This is the worst possible combination: players are forced to accept first-party invasive rootkits that are disruptive and ineffective, while cheaters still cheat.
IMHO the only sensible solution is to separate out e-sports angle from the game itself. People who want to "go pro" would be free to subject themselves to anti-cheats and drinking verification cans and past some point might as well buy company-authorized computers to play on. Everyone else should just be allowed to play casually and enjoy the game without the anti-cheat nuisance (and a looming threat of false positive).
With main incentive for serious cheating separated out, non-pro players would only have to worry about griefers. Those are a problem too, but they can be dealt with by simpler and less invasive measures than a kernel-level rootkit.

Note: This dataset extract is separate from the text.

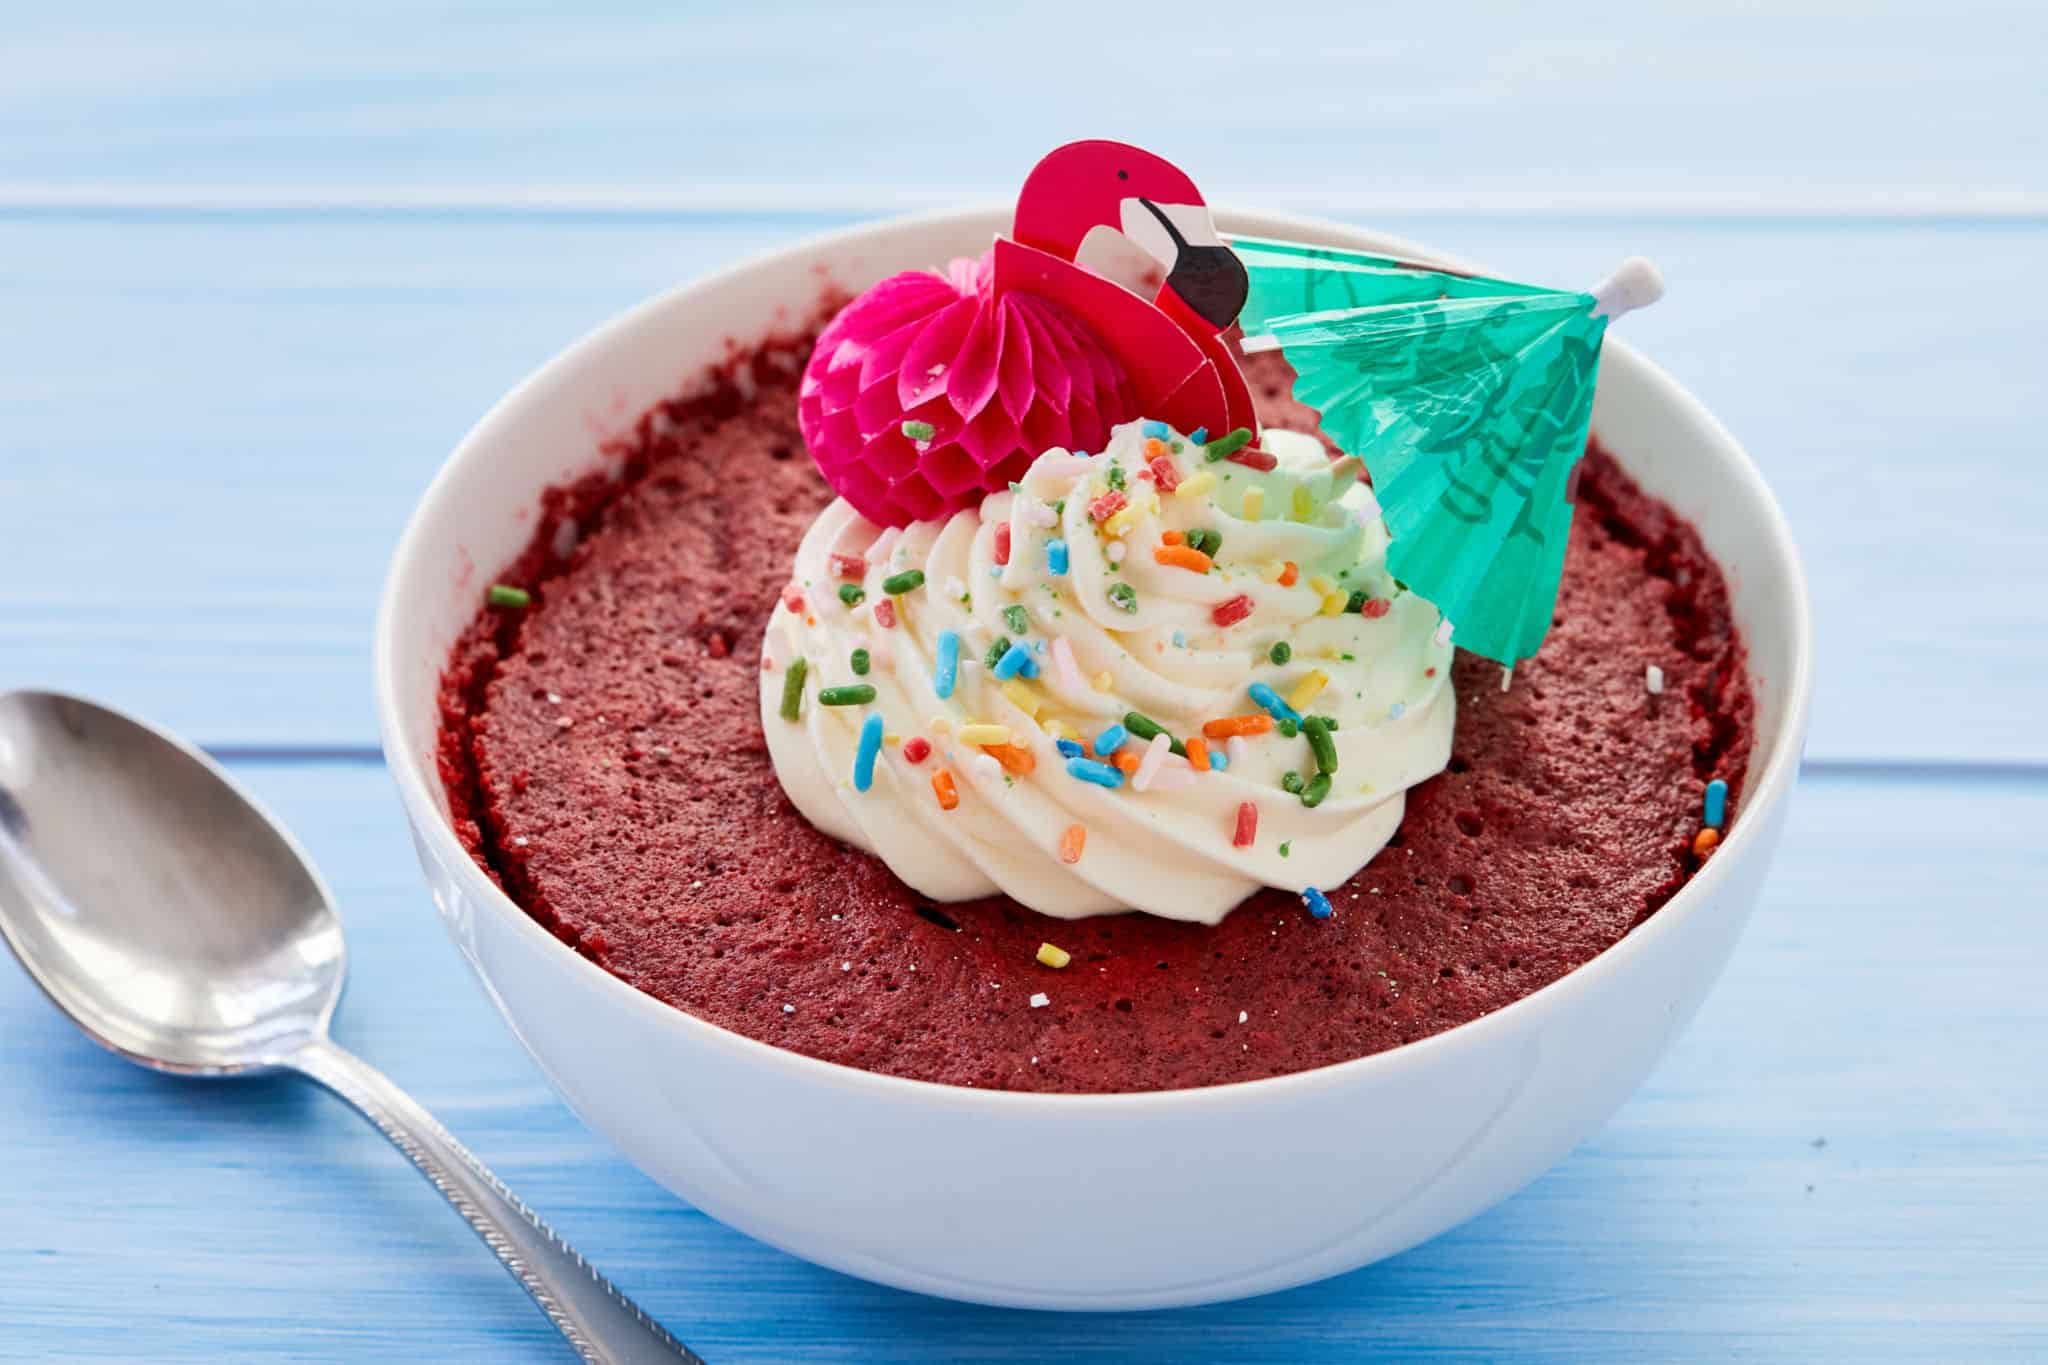 A red velvet cake bowl made in the microwave.

As it is, AAA multiplayer games are basically like if FIFA was to micromanage Town Recreational Leagues and hold them to the World Cup standard, because cheating is a Big Deal so every kid needs to take regular blood tests before the match.

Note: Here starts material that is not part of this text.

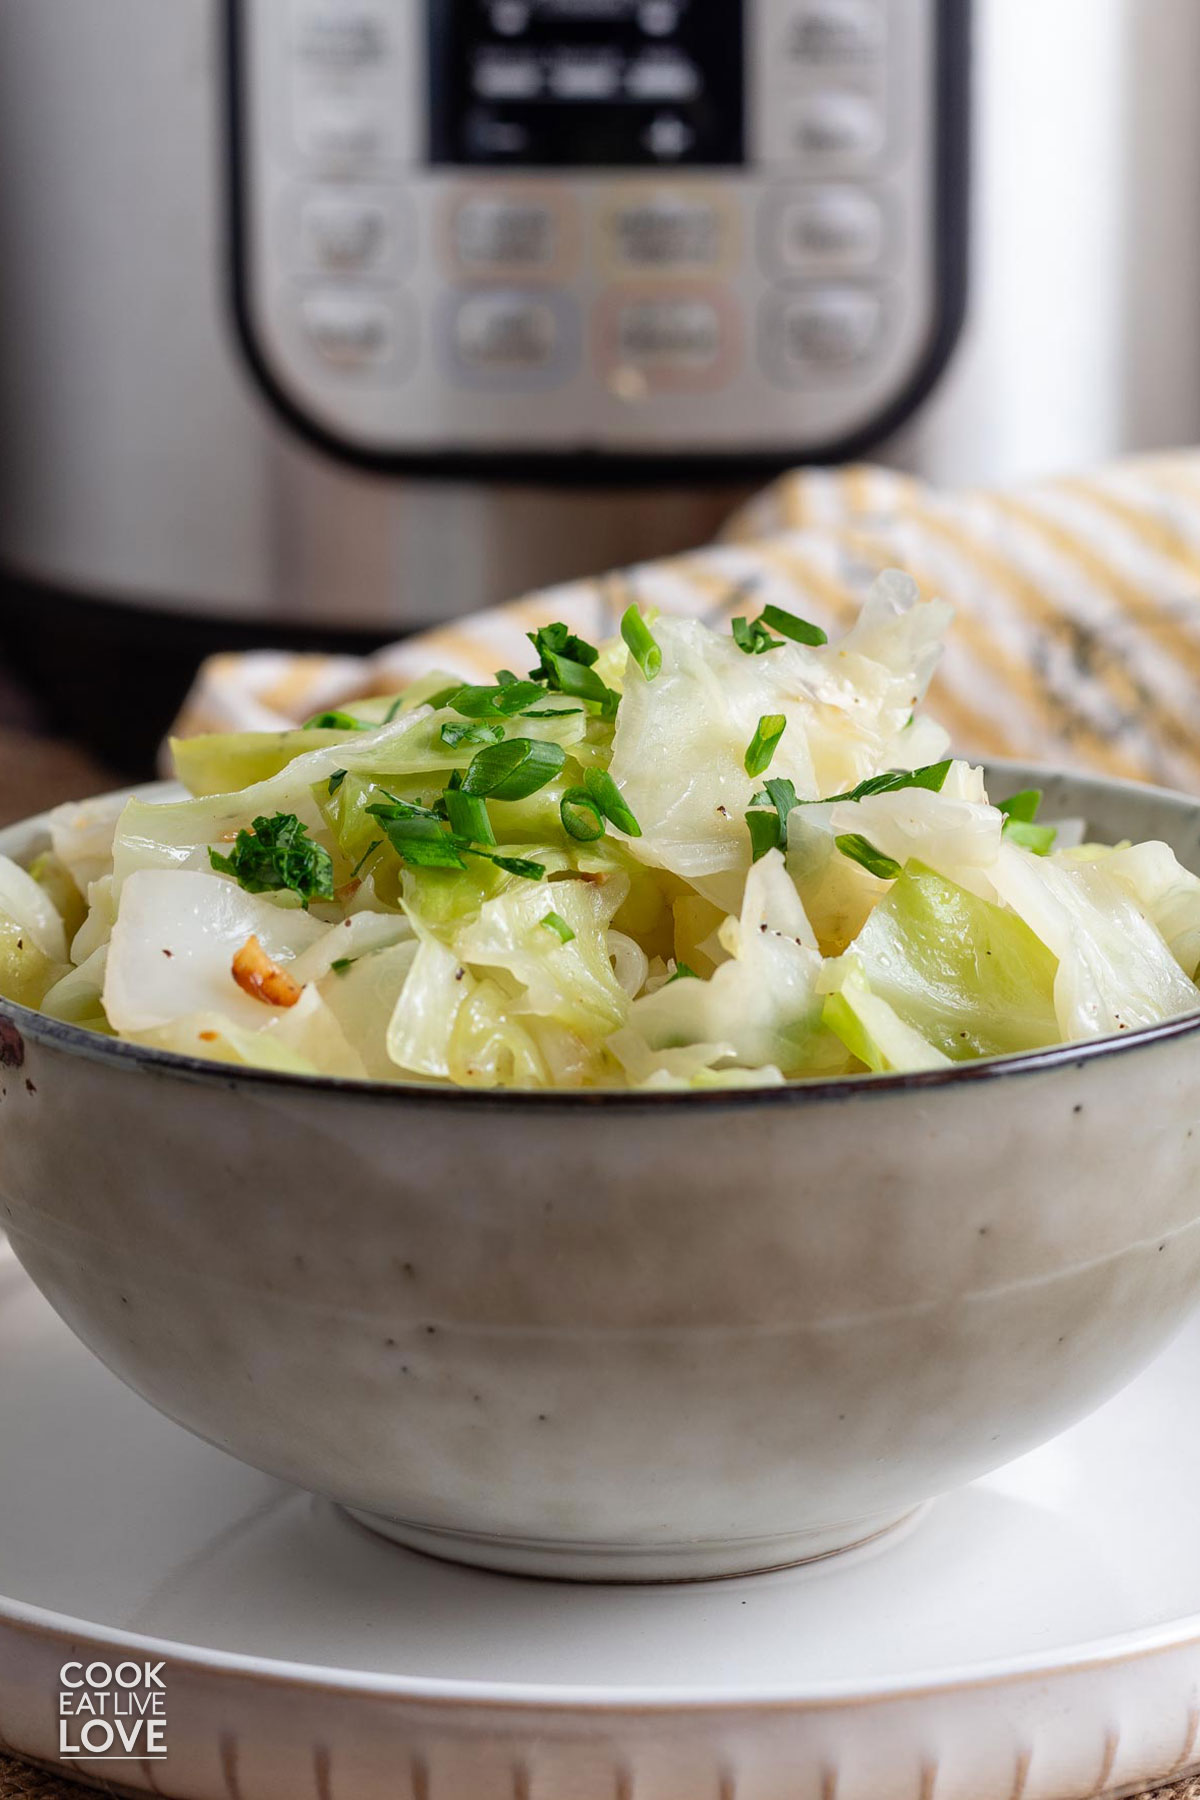 Bowl of cooked cabbage in front of the Instant pot.

I don’t work in gaming, I know a few people who do, everyone of them does it for the love of the game. Certainly not for the job security or even the money. This idea that they’re also to handle security is too much. It’s not their fault, they’re writing “art” not secure micro services for multi national companies.

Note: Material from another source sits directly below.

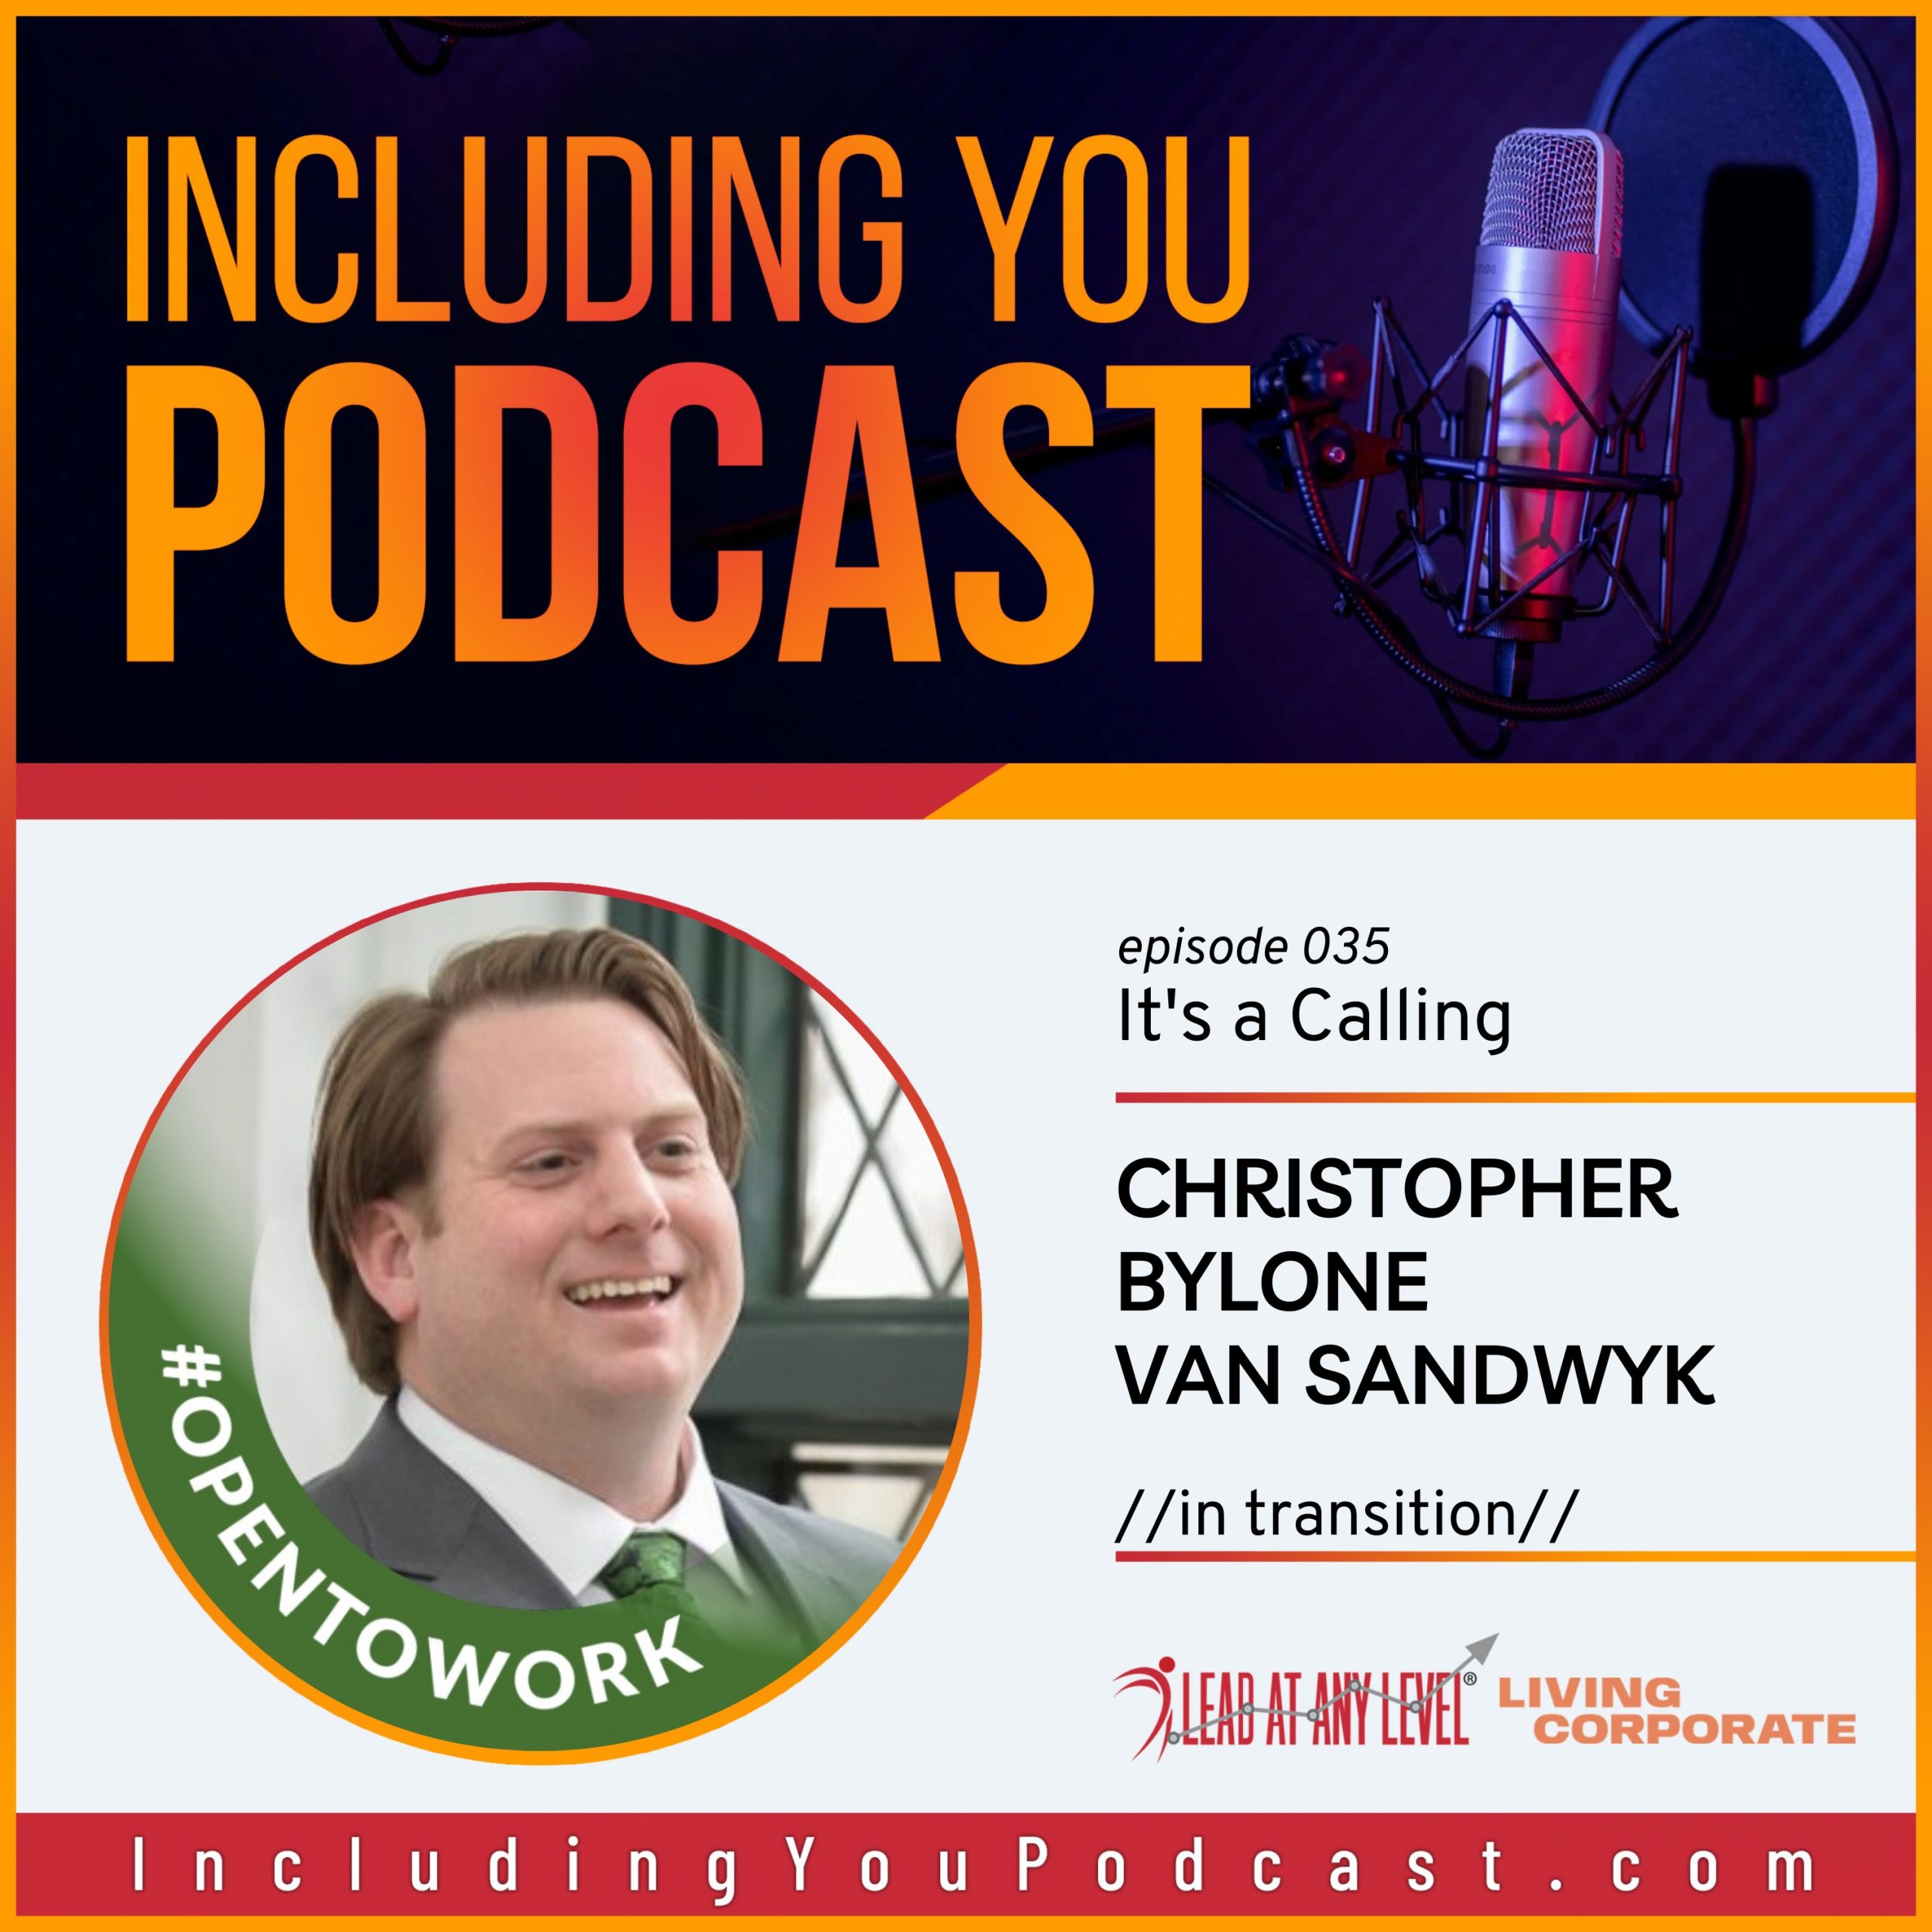 e035. It’s a Calling with Christopher Bylone van Sandwyk

Publishers will pay to have 0level kernel ring on your system but not for software securing their game.
> the game runs with admin privileges for the sake of anti-cheat
Nobody higher than the devs thought “this might be risky?”
Because can assure you, the devs felt it stupid and risky.
Your “Everyone thinks their making doom 3”. As I see this is not the developer fault.
I've done IT support for a number of devs across multiple companies and they all expect local admin and admin access to everything. So no, I don't believe they feel it is risky. I believe they don't get it/don't care. It's just not their wheelhouse.
Why would there be a strong engineering culture behind AAA video games at all? Game developers are underpaid, overworked and constantly told they can be replaced at a moments notice.
I wouldn't expect anything but code that "ships" out of them, and its understandable why.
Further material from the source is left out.